◆ TASK ITEM ◆
Among the lines below, output only those between the line holding "VHF//UHF//FM C/âble Coaxial" and the line holding "faf04e3187c09 Мужские костюмы", inclusive, exactly as written and with no pictures.
+++ RECORDED DATA +++
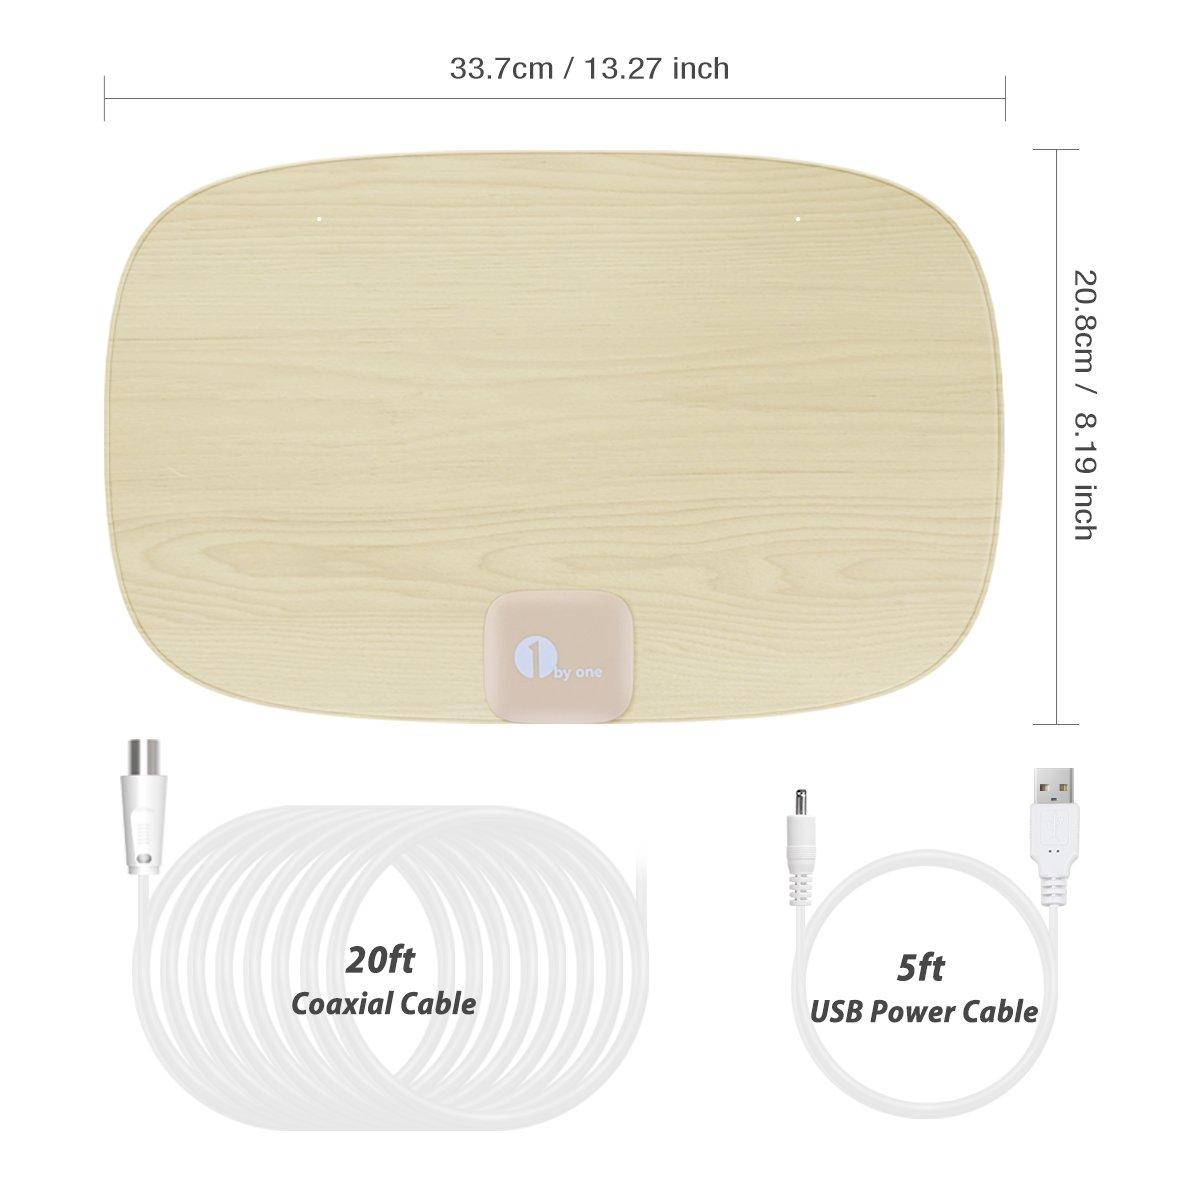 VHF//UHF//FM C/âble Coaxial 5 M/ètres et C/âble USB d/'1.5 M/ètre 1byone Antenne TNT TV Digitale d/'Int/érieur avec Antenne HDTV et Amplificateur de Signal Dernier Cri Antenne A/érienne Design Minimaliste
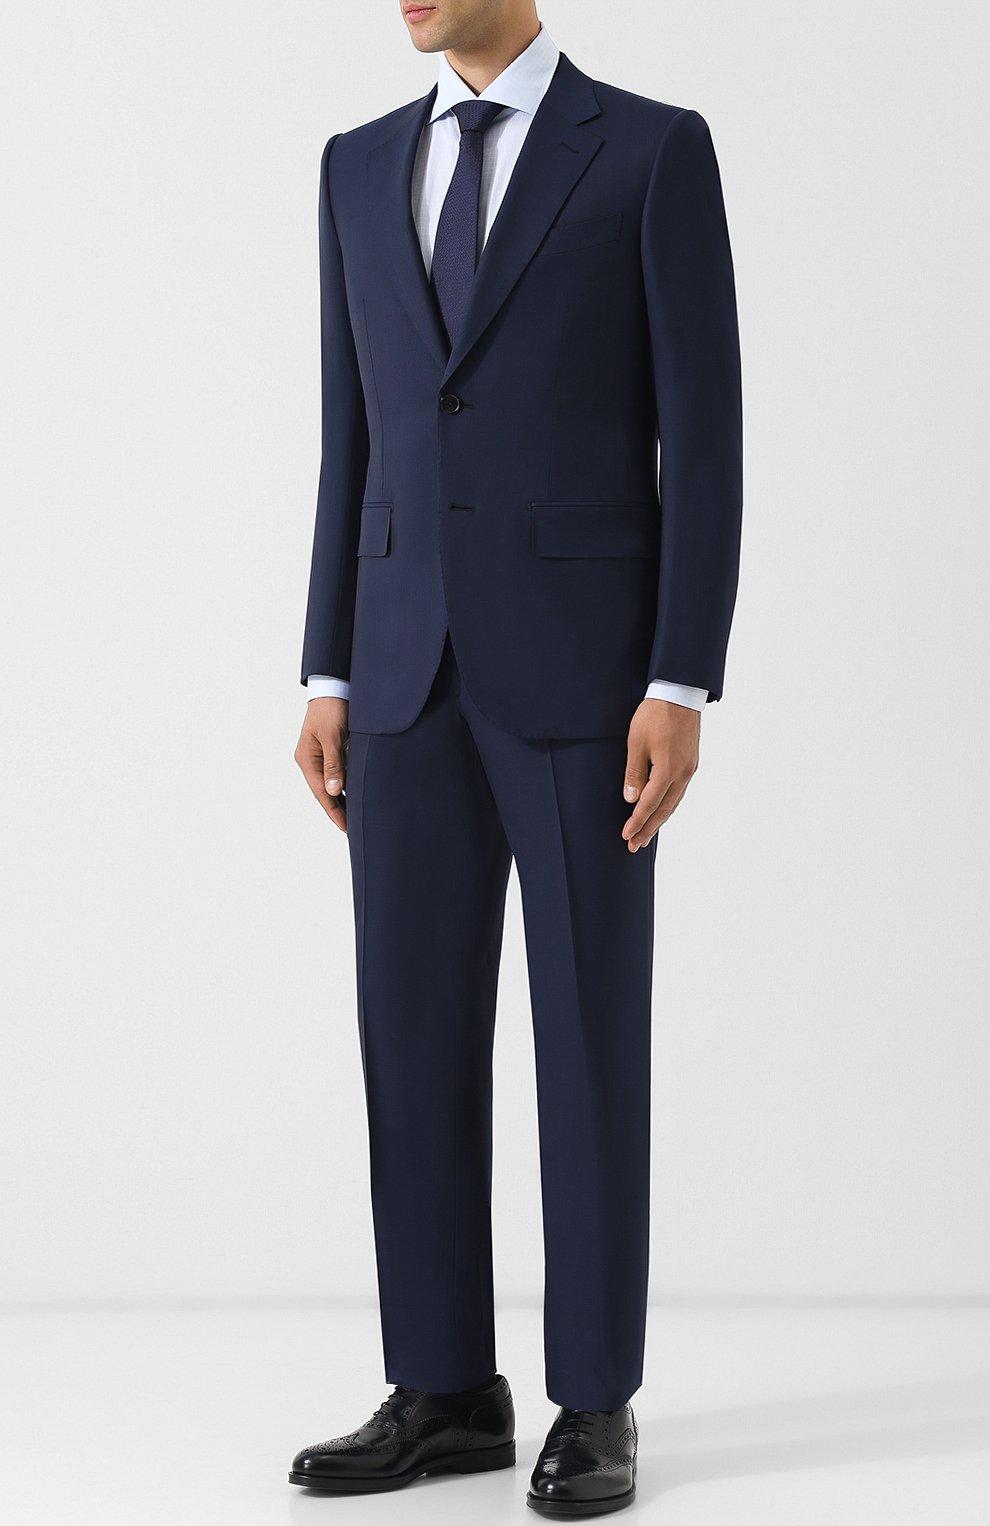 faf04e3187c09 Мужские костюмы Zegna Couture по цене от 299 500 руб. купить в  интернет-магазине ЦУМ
+++
+++ RECORDED DATA +++
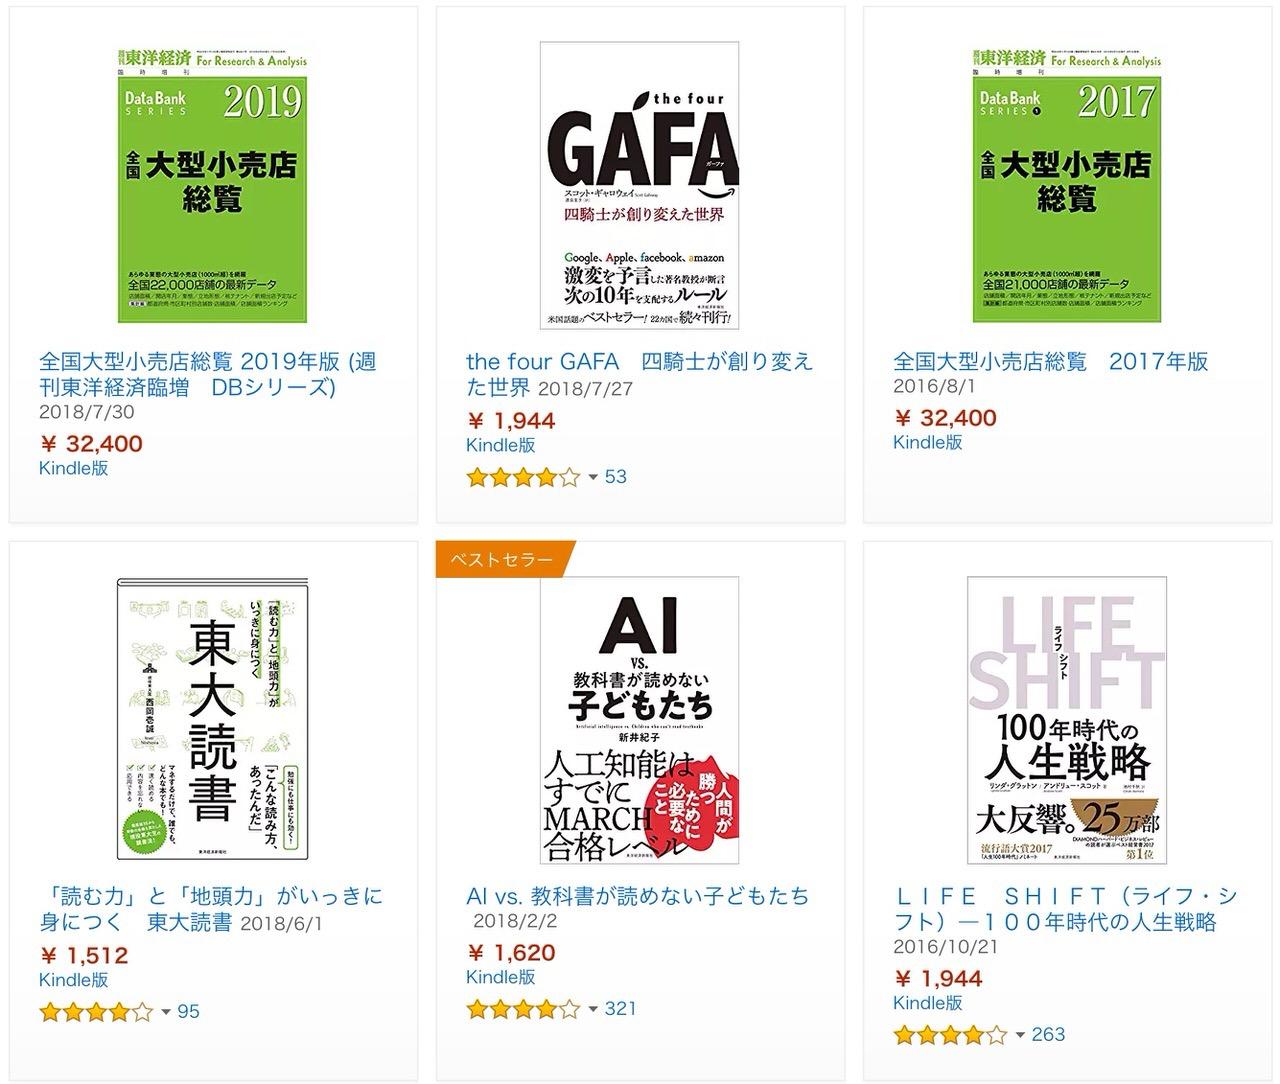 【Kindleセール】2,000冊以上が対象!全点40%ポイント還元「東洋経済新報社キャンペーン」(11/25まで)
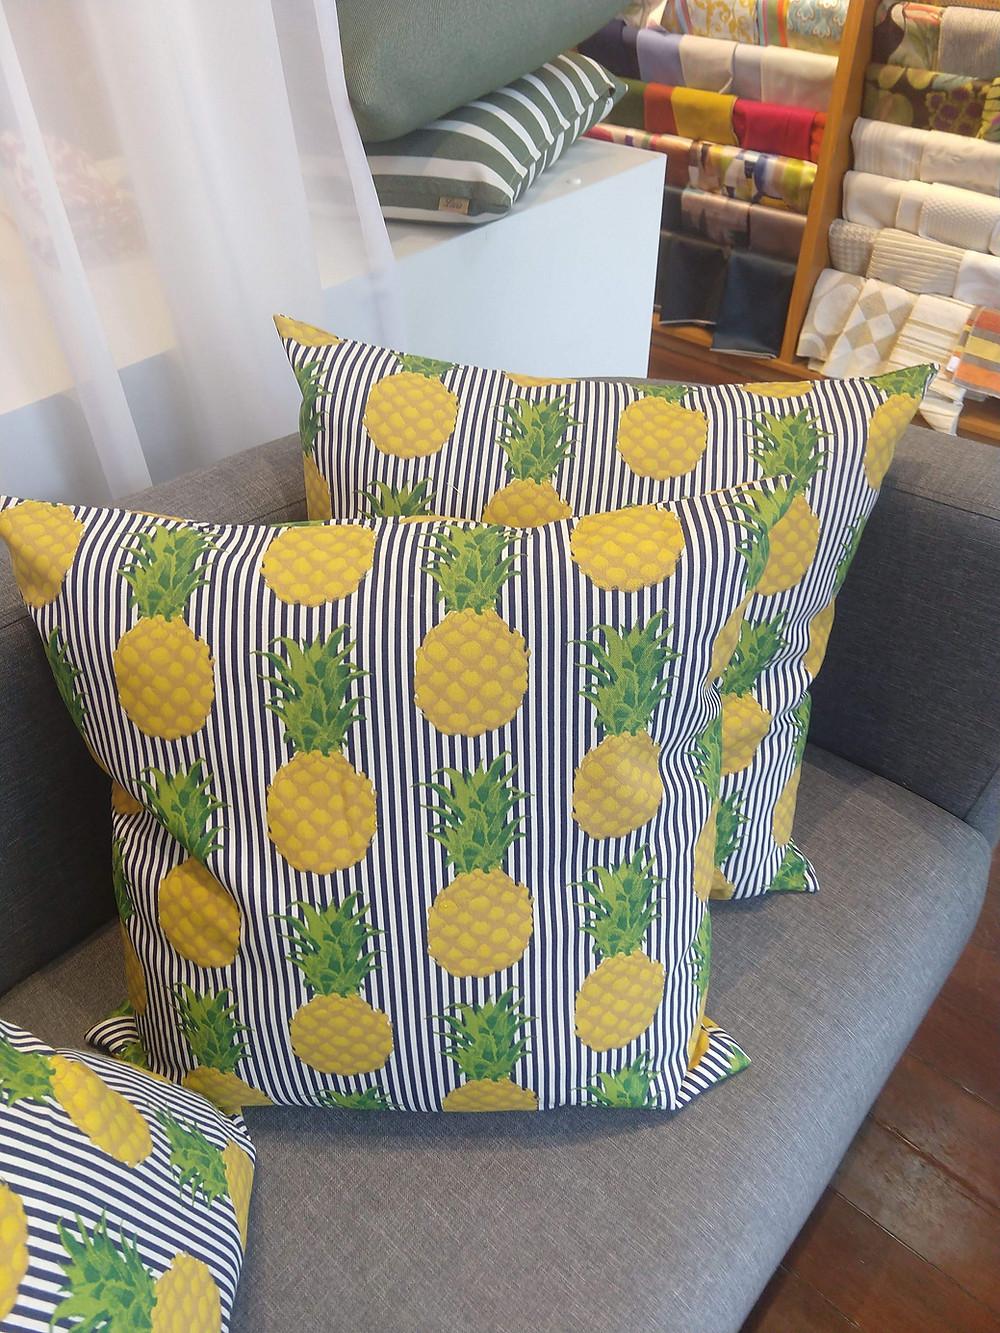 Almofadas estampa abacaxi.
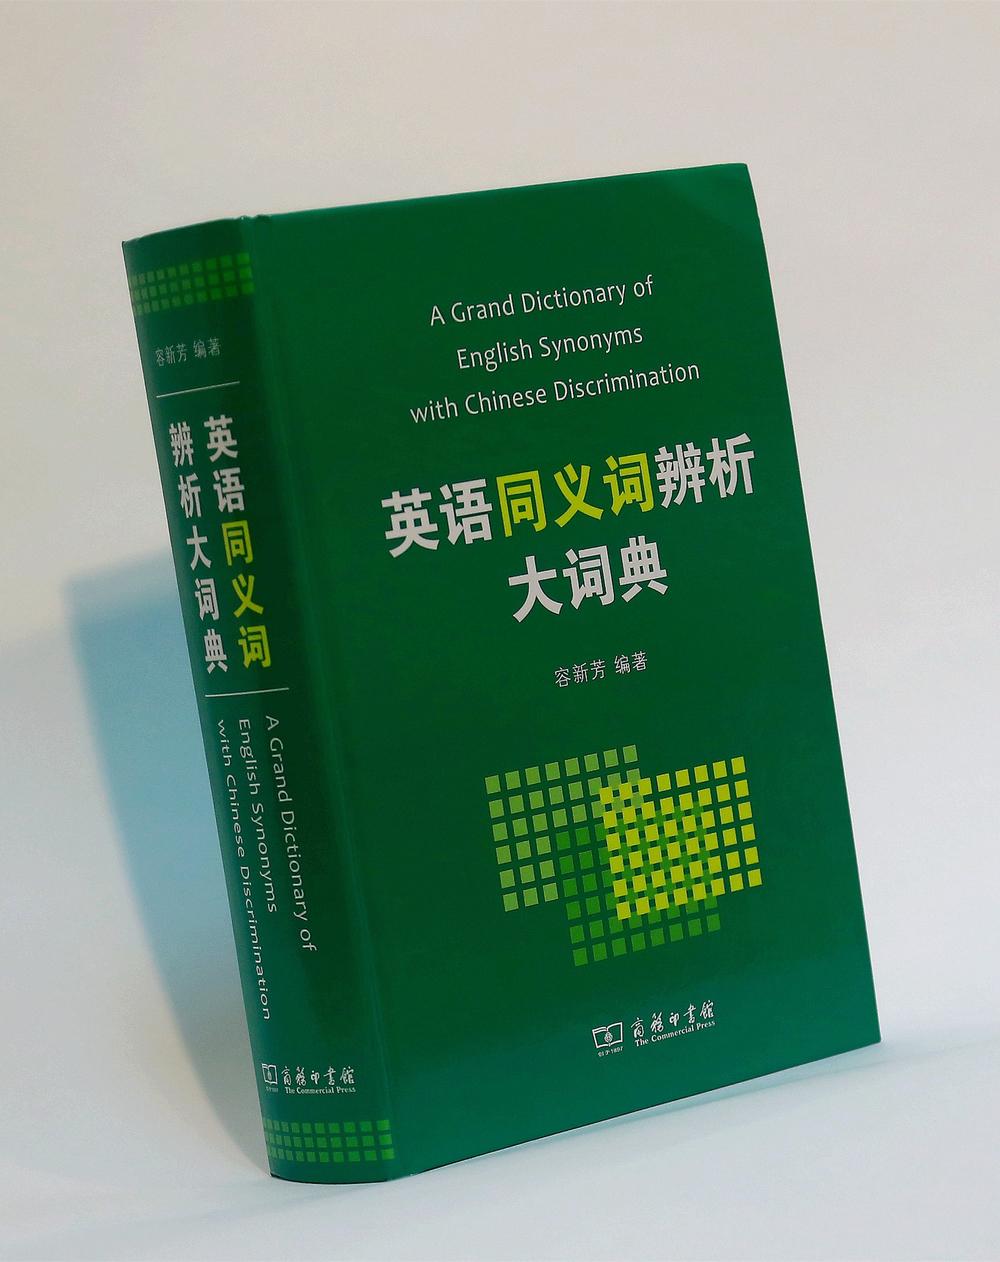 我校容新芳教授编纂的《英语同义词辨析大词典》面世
+++
◆ OUTPUT ◆
 VHF//UHF//FM C/âble Coaxial 5 M/ètres et C/âble USB d/'1.5 M/ètre 1byone Antenne TNT TV Digitale d/'Int/érieur avec Antenne HDTV et Amplificateur de Signal Dernier Cri Antenne A/érienne Design Minimaliste
 faf04e3187c09 Мужские костюмы Zegna Couture по цене от 299 500 руб. купить в  интернет-магазине ЦУМ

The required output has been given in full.